» Work order
From the records below, set down exactly the lines starting with the line that contains "Colour Mill Launch" and going on through the line that contains "U.S. Marine Corps Lance". Nothing else is wanted.

» Given information

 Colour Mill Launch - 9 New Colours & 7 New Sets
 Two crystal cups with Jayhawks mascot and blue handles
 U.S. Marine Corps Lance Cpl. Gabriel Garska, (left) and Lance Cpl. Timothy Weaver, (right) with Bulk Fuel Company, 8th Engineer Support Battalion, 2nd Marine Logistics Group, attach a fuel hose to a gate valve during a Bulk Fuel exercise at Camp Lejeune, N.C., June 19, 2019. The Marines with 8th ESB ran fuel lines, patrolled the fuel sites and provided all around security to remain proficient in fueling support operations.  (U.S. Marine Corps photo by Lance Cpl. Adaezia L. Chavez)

* * *

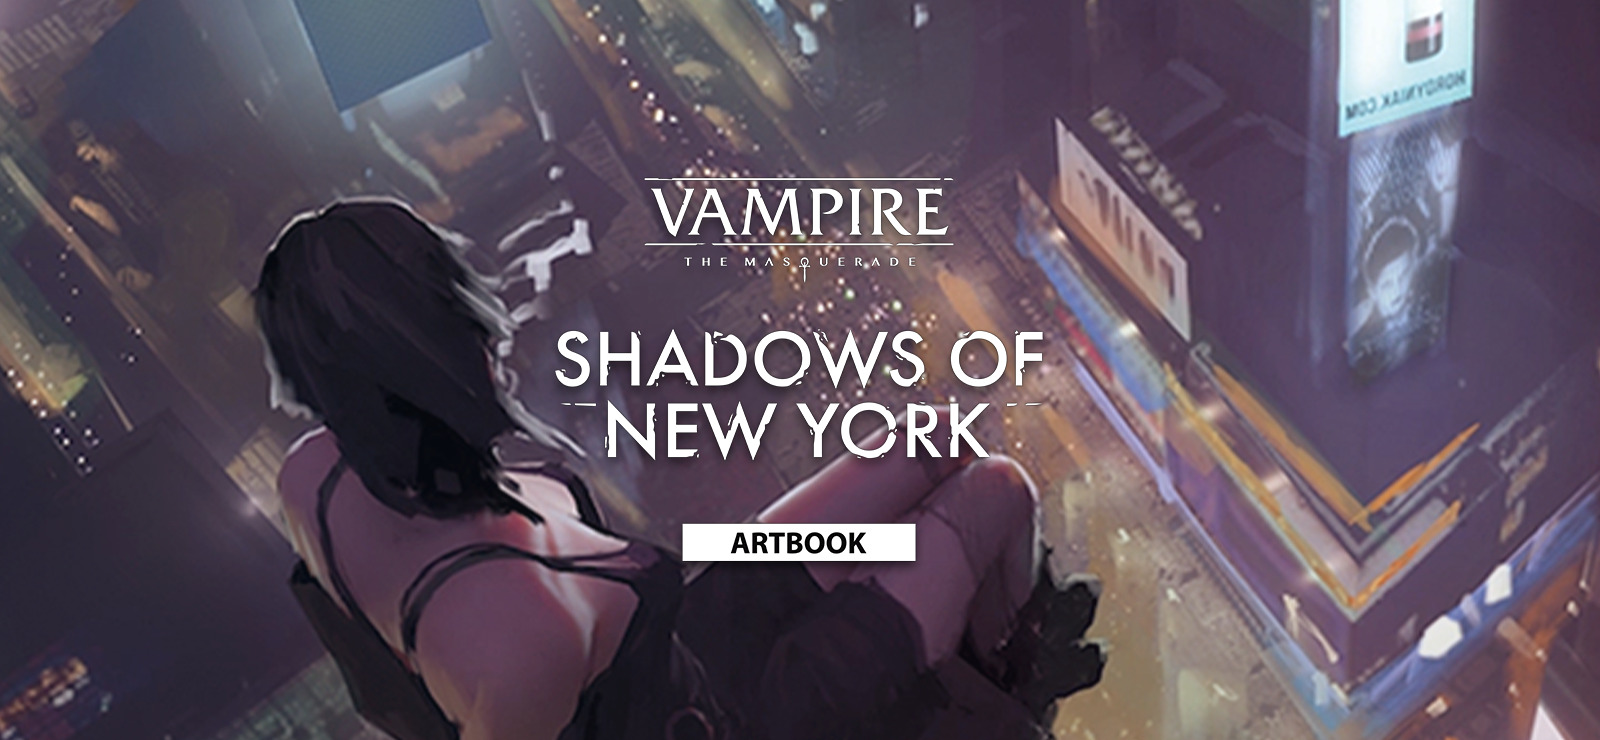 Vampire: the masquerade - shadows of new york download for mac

» Final answer
 Colour Mill Launch - 9 New Colours & 7 New Sets
 Two crystal cups with Jayhawks mascot and blue handles
 U.S. Marine Corps Lance Cpl. Gabriel Garska, (left) and Lance Cpl. Timothy Weaver, (right) with Bulk Fuel Company, 8th Engineer Support Battalion, 2nd Marine Logistics Group, attach a fuel hose to a gate valve during a Bulk Fuel exercise at Camp Lejeune, N.C., June 19, 2019. The Marines with 8th ESB ran fuel lines, patrolled the fuel sites and provided all around security to remain proficient in fueling support operations.  (U.S. Marine Corps photo by Lance Cpl. Adaezia L. Chavez)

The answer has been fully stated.